■头颈部鳞状细胞癌(HNSCC)是全球第七大高度流行的癌症类型。HNSCC的早期检测是管理癌症患者治疗的重要挑战之一。用于检测HNSCC的现有技术是昂贵的,贵,和侵入性的性质。
■在这项研究中,我们旨在通过使用机器学习和深度学习技术开发分类模型来解决这个问题,专注于单细胞转录组学,以区分HNSCC和正常样品。此外,我们建立了模型,将HNSCC样本分为HPV阳性(HPV+)和HPV阴性(HPV-)两类.在这项研究中,我们使用了GSE181919数据集,我们提取了20个原发癌(HNSCC)样本,和9个正常组织样本。原发癌样品含有13个HPV-和7个HPV+样品。在这项研究中开发的模型已经在80%的数据集上进行了训练,并在剩余的20%上进行了验证。为了开发一个有效的模型,我们使用mRMR方法进行特征选择,从大量基因中筛选出少量基因.我们还对100个入围基因进行了基因本体论(GO)富集分析。
■在100个基因上训练的基于人工神经网络的模型优于其他分类器,对于验证集的HNSCC分类,其AUROC为0.91。对于验证集上的HPV+和HPV-患者的分类,相同的算法实现了0.83的AUROC。在GO富集分析中,发现大多数基因参与结合和催化活性。
■已在Python中开发了一个软件包,该软件包允许用户识别患者的HNSCC及其HPV状态。它可以在https://web上获得。iitd.edu.in/raghava/hnscpred/.
UNASSIGNED: Head and Neck Squamous Cell Carcinoma (HNSCC) is the seventh most highly prevalent cancer type worldwide. Early detection of HNSCC is one of the important challenges in managing the treatment of the cancer patients. Existing techniques for detecting HNSCC are costly, expensive, and invasive in nature.

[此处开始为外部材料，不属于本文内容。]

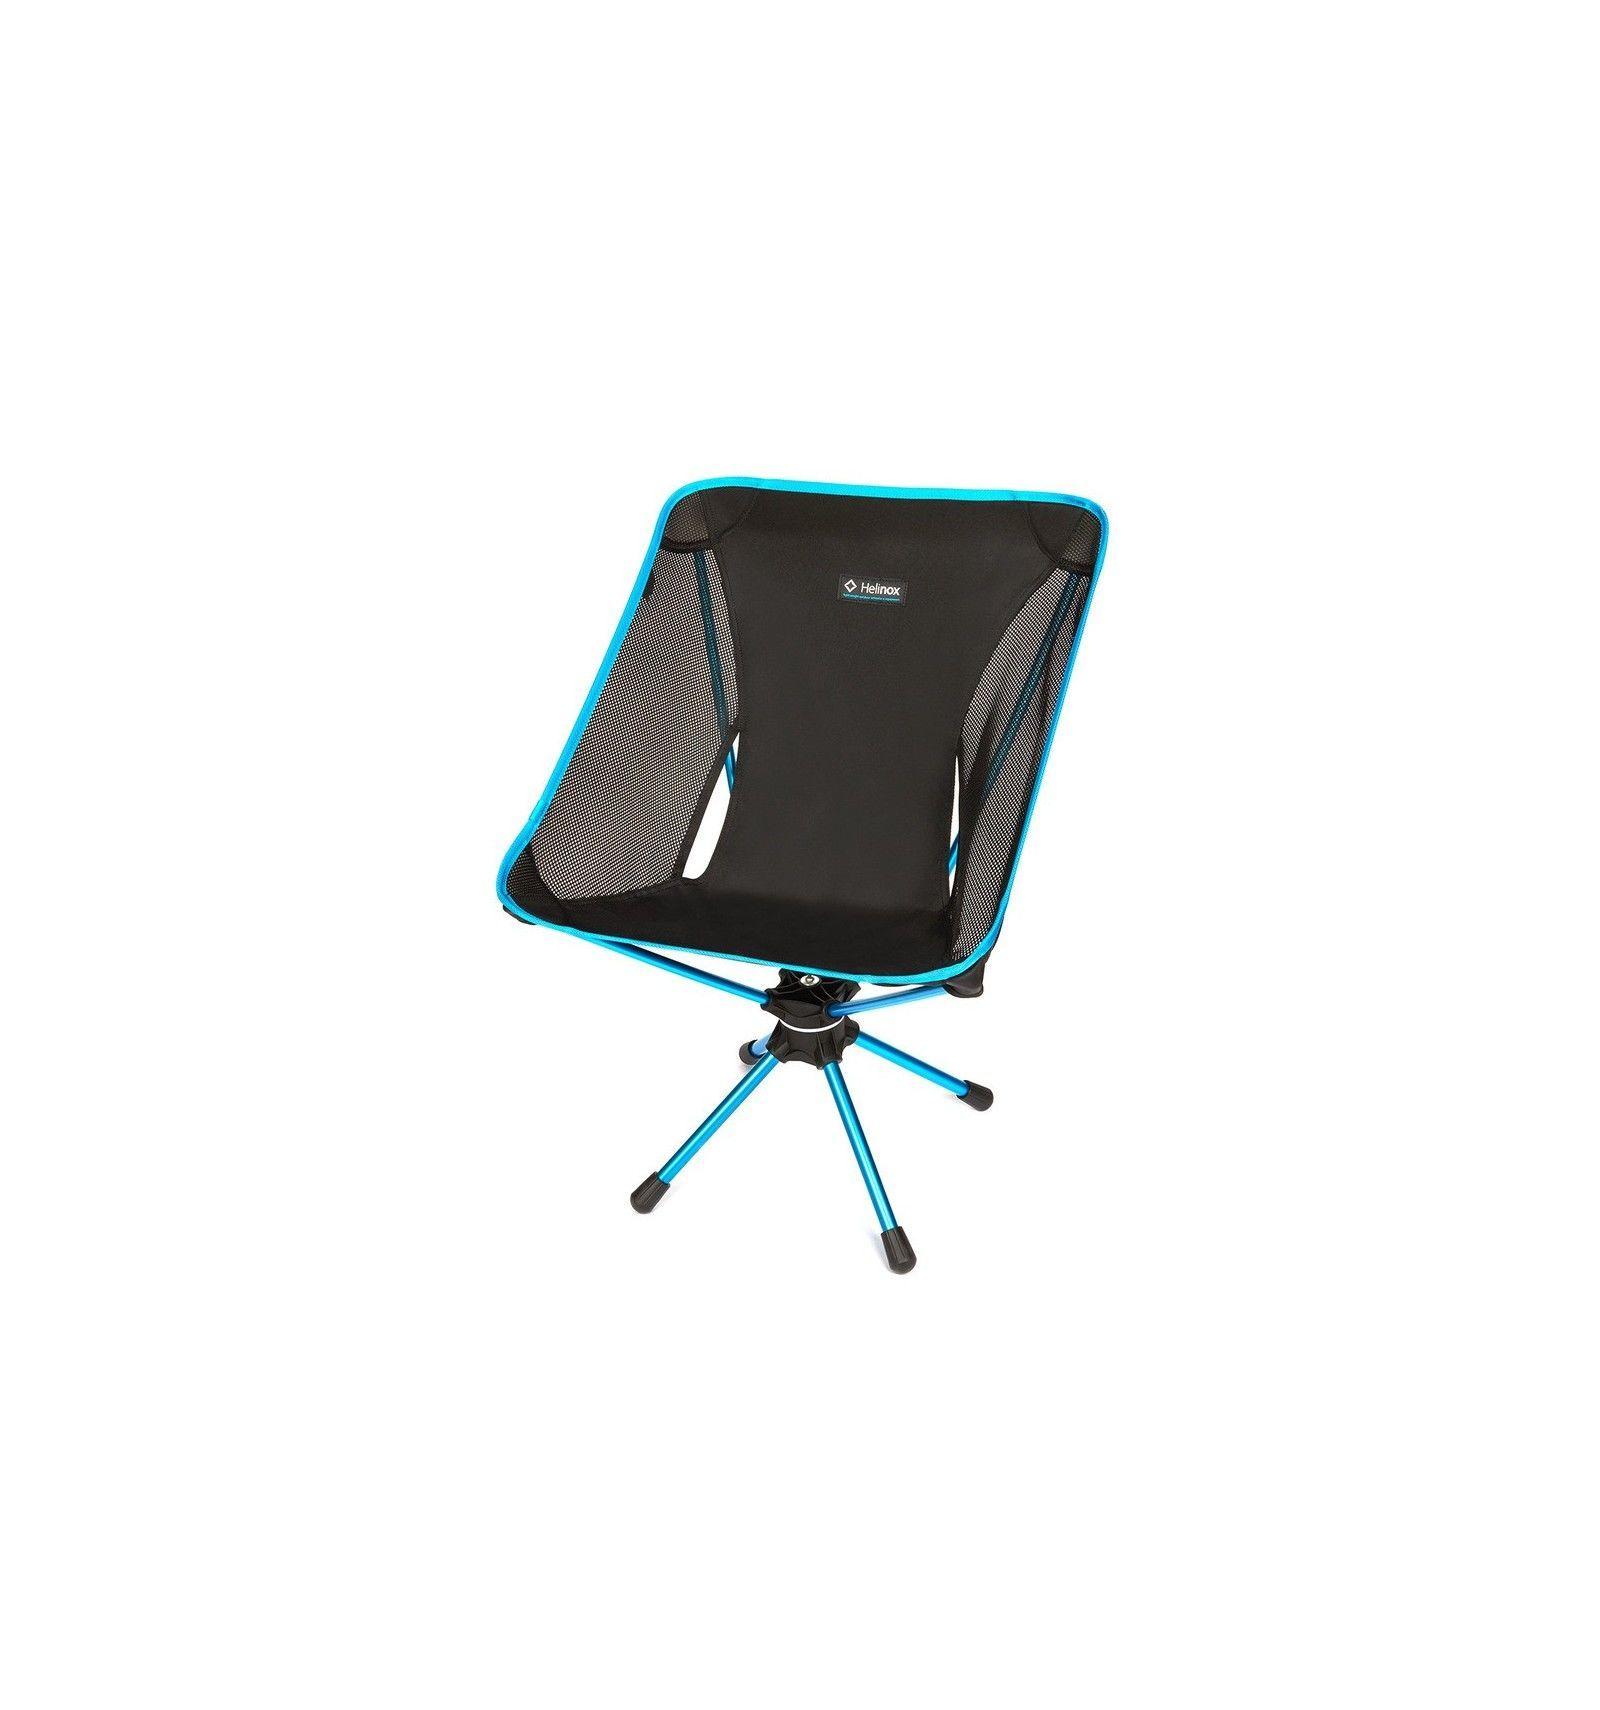 Admirable Helinox Swivel Chair Machost Co Dining Chair Design Ideas Machostcouk

UNASSIGNED: In this study, we aimed to address this issue by developing classification models using machine learning and deep learning techniques, focusing on single-cell transcriptomics to distinguish between HNSCC and normal samples. Furthermore, we built models to classify HNSCC samples into HPV-positive (HPV+) and HPV-negative (HPV-) categories. In this study, we have used GSE181919 dataset, we have extracted 20 primary cancer (HNSCC) samples, and 9 normal tissues samples. The primary cancer samples contained 13 HPV- and 7 HPV+ samples. The models developed in this study have been trained on 80% of the dataset and validated on the remaining 20%. To develop an efficient model, we performed feature selection using mRMR method to shortlist a small number of genes from a plethora of genes. We also performed Gene Ontology (GO) enrichment analysis on the 100 shortlisted genes.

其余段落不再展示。